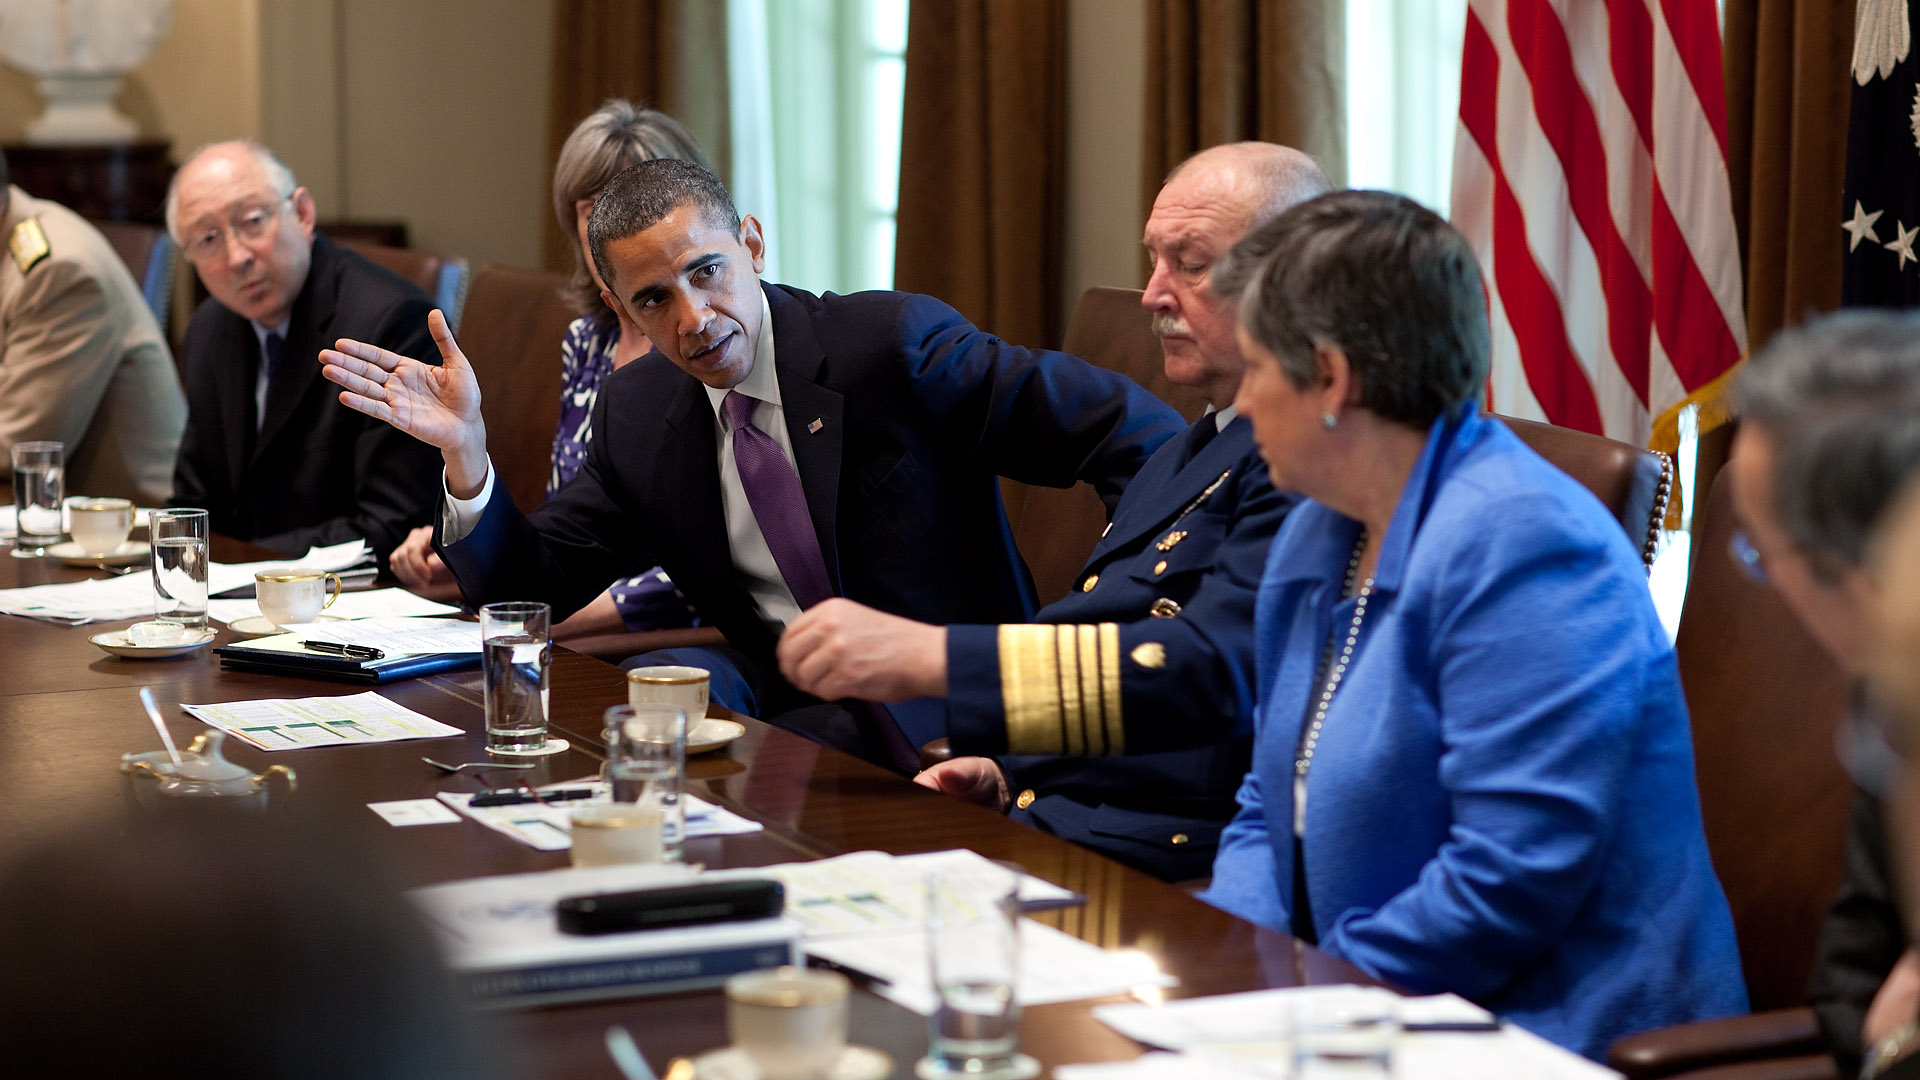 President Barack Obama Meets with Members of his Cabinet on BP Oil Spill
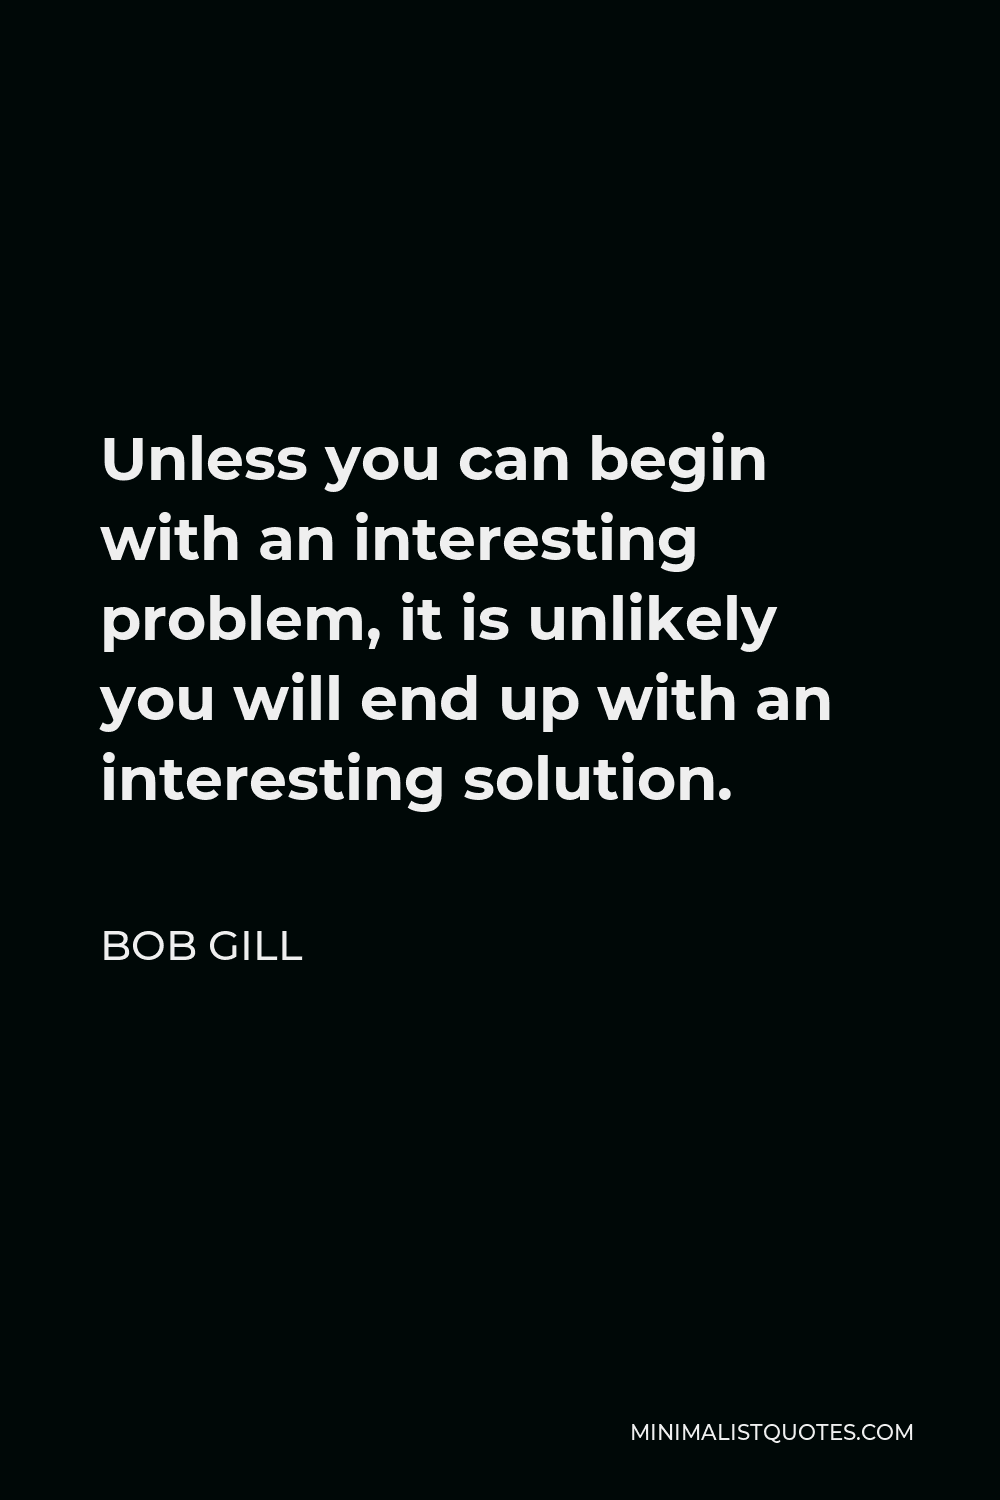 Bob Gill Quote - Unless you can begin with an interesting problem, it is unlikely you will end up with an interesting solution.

-*-*-

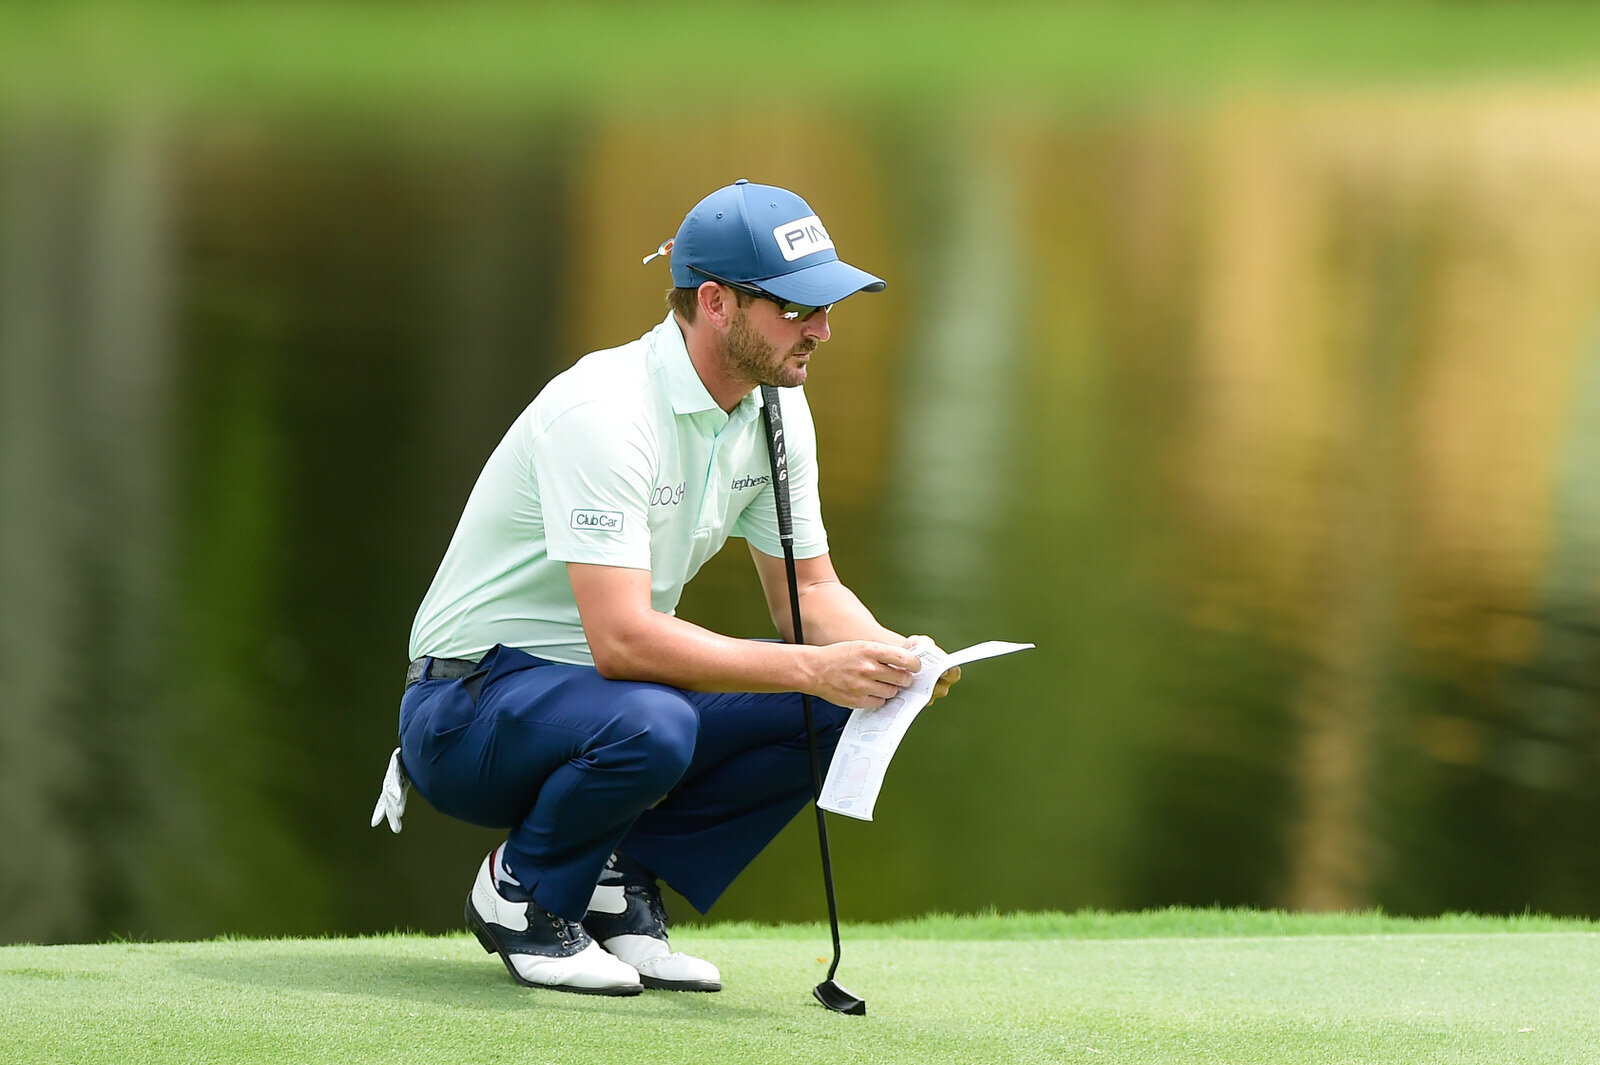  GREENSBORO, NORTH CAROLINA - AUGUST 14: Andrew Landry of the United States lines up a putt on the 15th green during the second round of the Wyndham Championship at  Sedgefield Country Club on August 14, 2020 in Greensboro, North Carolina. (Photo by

-*-*-

WHAT TO PRODUCE
Copy exactly, without pictures, the lines above from the one with "President Barack Obama" down to the one with "Bob Gill Quote", inclusive.

TASK SOLUTION
 President Barack Obama Meets with Members of his Cabinet on BP Oil Spill
 Bob Gill Quote - Unless you can begin with an interesting problem, it is unlikely you will end up with an interesting solution.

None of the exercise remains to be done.